I have an account with Schedules Direct, which lets me download XML files containing program listings for my cable provider. I access it from two different machines. On my main PC, I have FreeGuide, an open-source TV guide program, installed. Once a week I download the latest listings and use FreeGuide to decide what I want to record during the coming week. On the PC that acts as my PVR, I have MythTV set up to download the same files from Schedules Direct when I tell it to refill the program database, which I again do once a week when programming that week's recordings.

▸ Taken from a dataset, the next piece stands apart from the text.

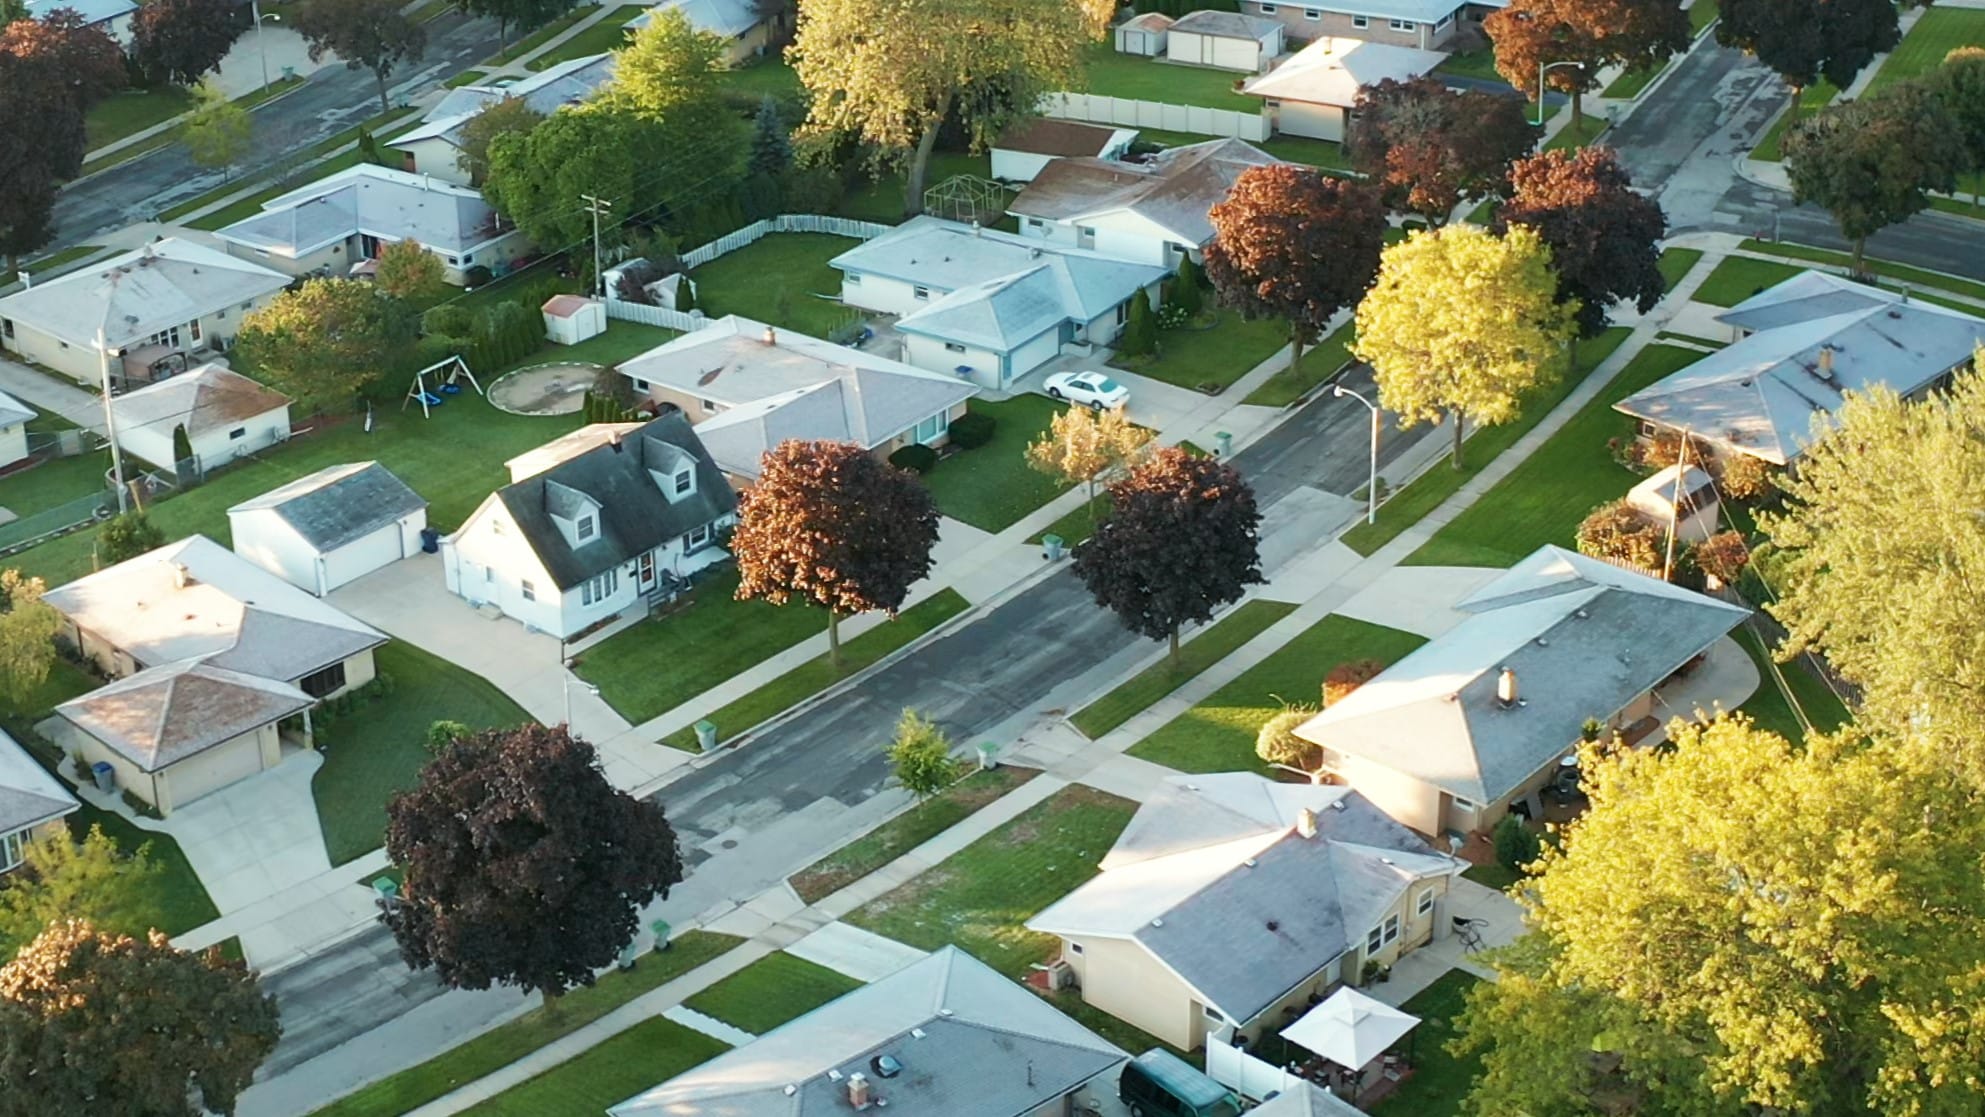 An aerial view of a neighborhood surrounded by green trees.

The first part of today's adventure has been going on for a long time. When programming the week's recording schedule, I would occasionally run into discrepancies between the two machines. That is, in certain time slots FreeGuide would report one program and the listings on the PVR would report a different program, even though both were working from identical downloaded data files. When this happened, the listings in FreeGuide were invariably correct and the listings on the PVR incorrect. The obvious workaround was to use the FreeGuide listings, but that meant that when I wanted to record a program that FreeGuide said was there and the PVR said was not, I had to set up a manual recording rule, which is doable but somewhat inconvenient.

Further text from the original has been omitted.